▶ [What the task asks] Pictures stay out; please output the remaining data exactly.

▶ [Given material]

☆ ☆ ☆ ☆ ☆ ☆ ☆

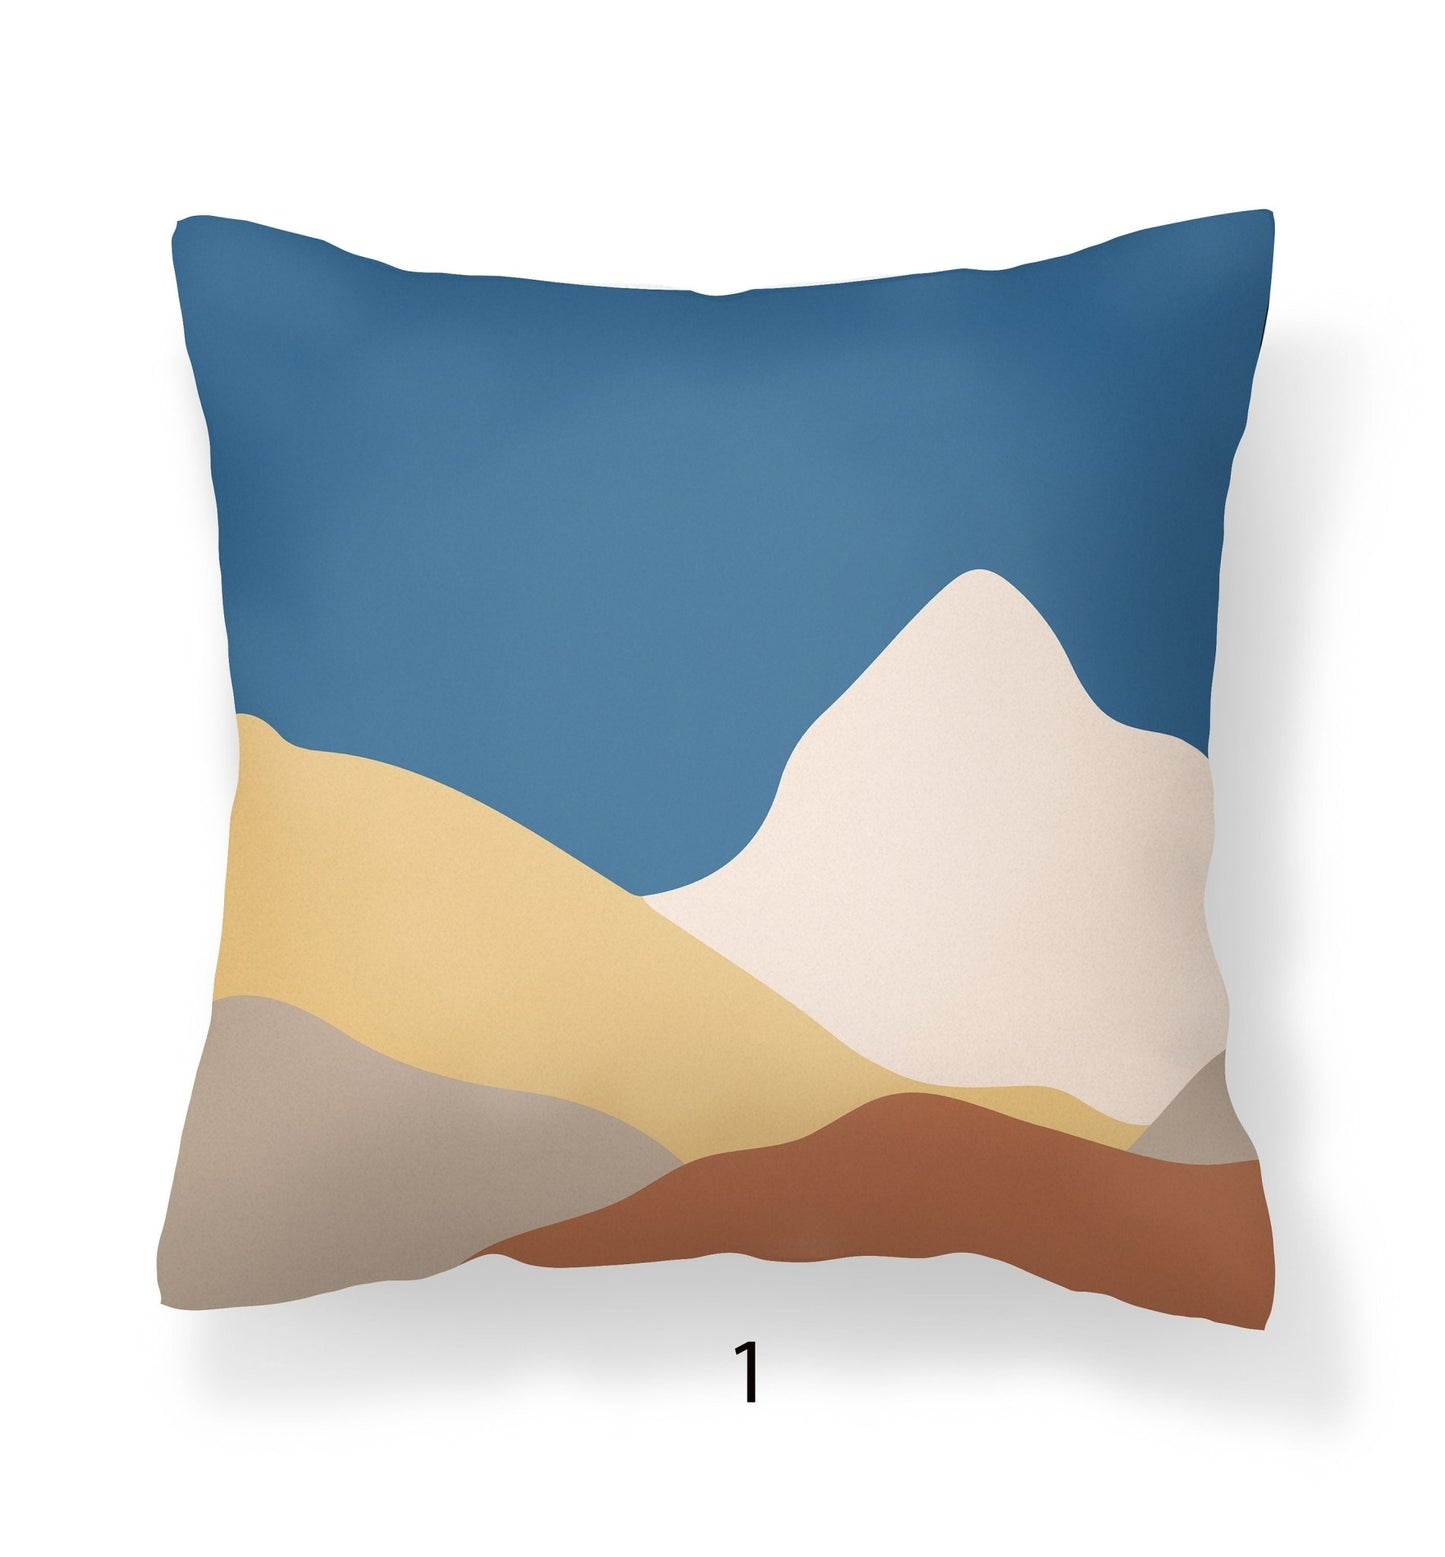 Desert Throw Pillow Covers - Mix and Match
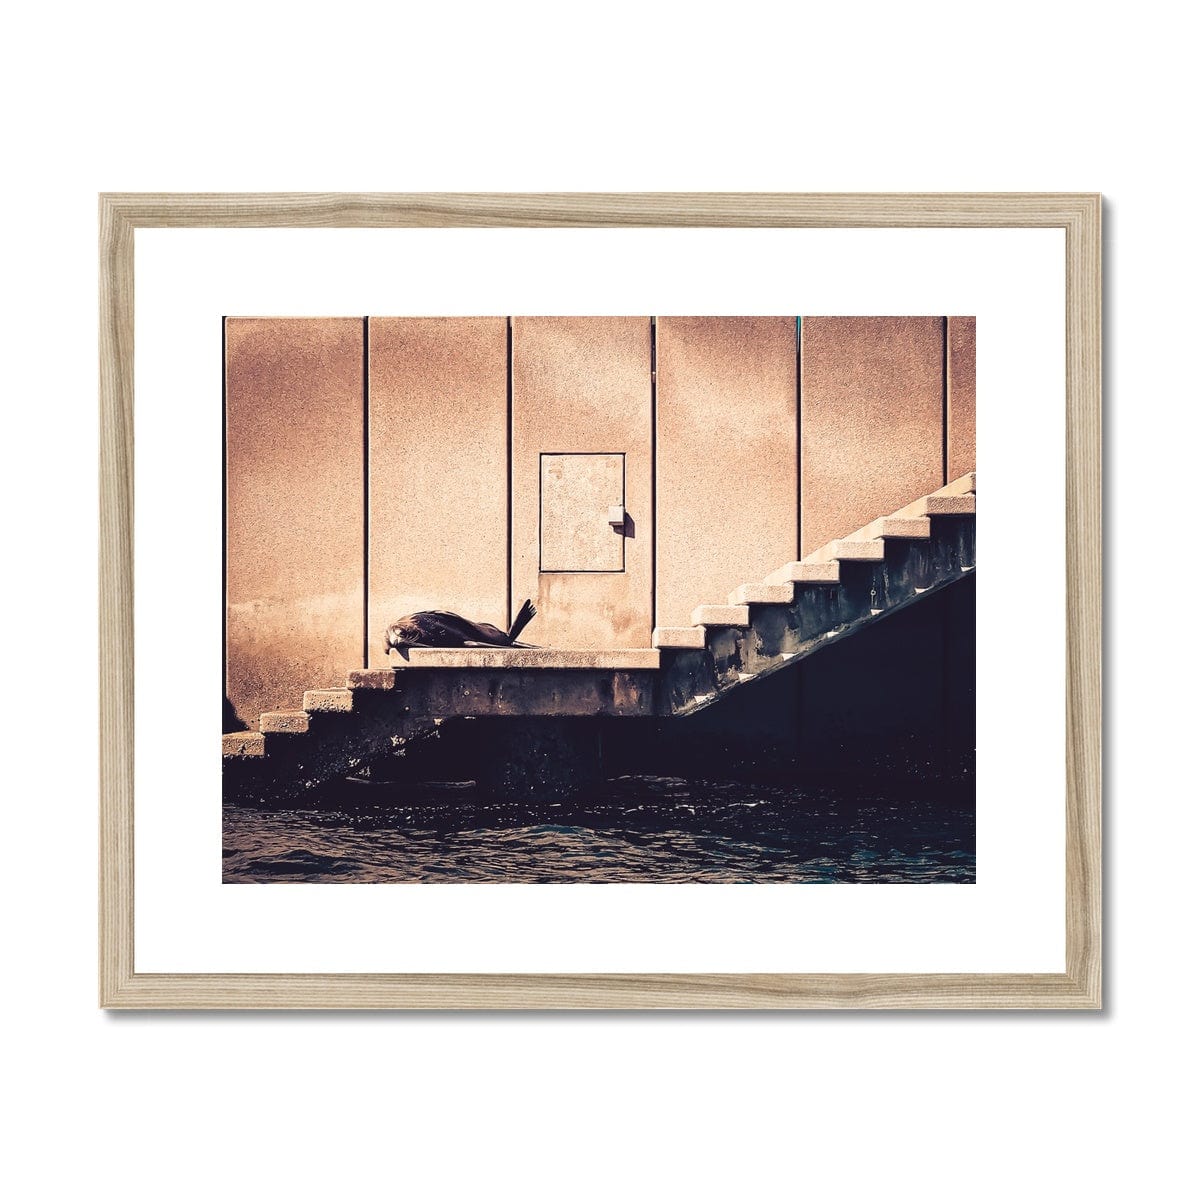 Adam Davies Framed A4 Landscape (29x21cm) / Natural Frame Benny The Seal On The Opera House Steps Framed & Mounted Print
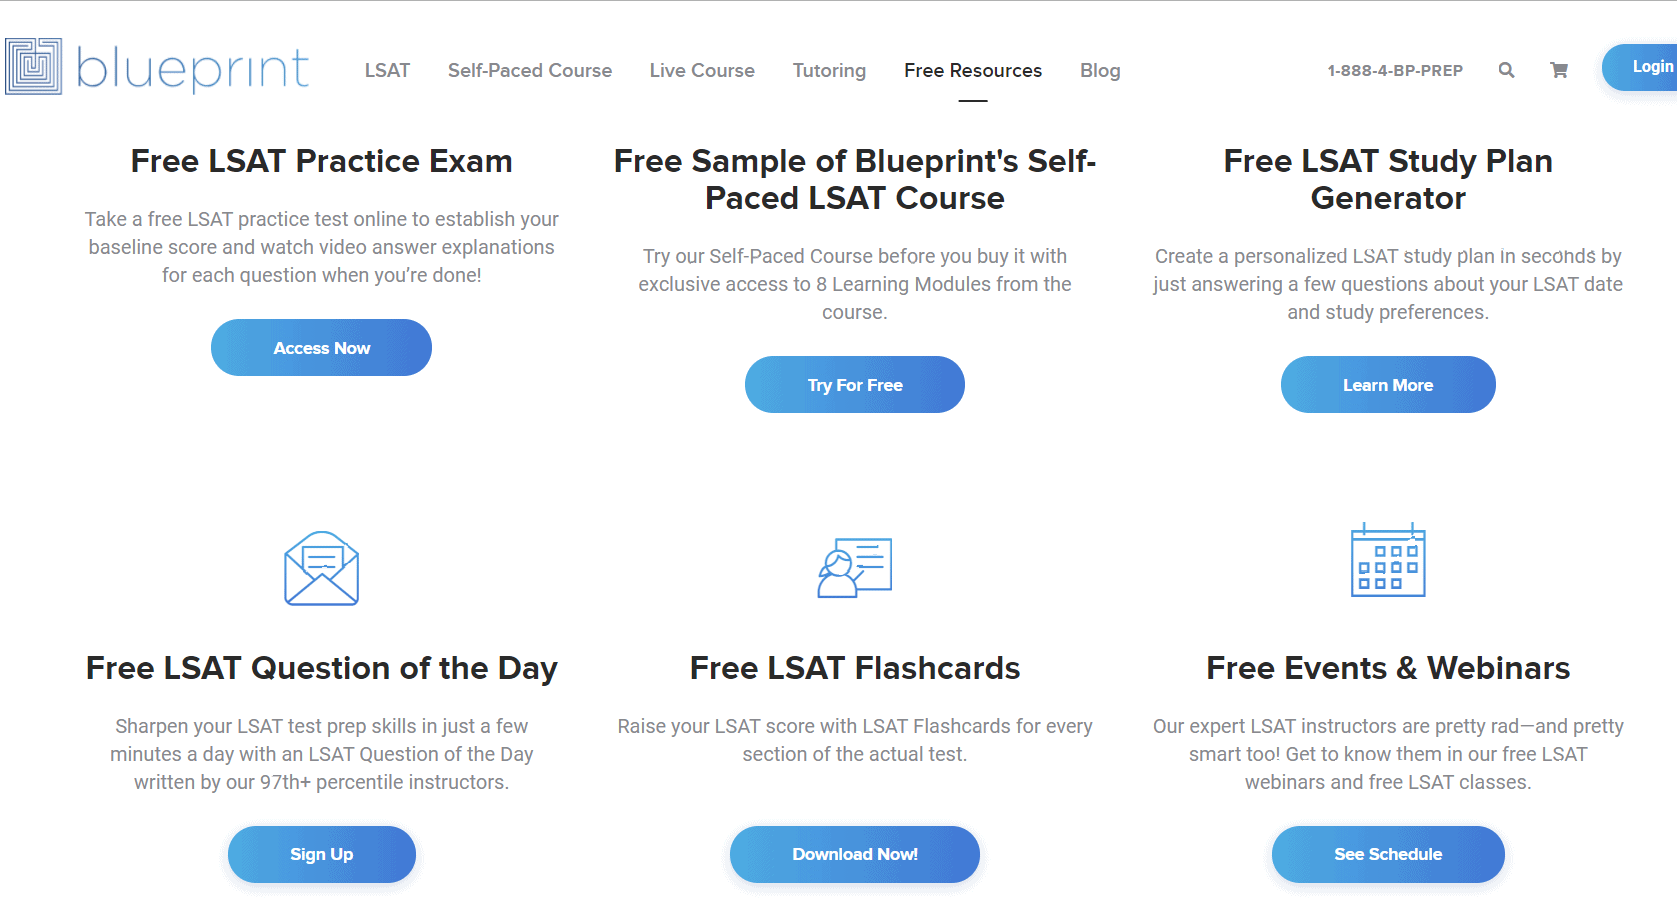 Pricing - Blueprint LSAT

☆ ☆ ☆ ☆ ☆ ☆ ☆

▶ [Answer box]
 Desert Throw Pillow Covers - Mix and Match
 Adam Davies Framed A4 Landscape (29x21cm) / Natural Frame Benny The Seal On The Opera House Steps Framed & Mounted Print
 Pricing - Blueprint LSAT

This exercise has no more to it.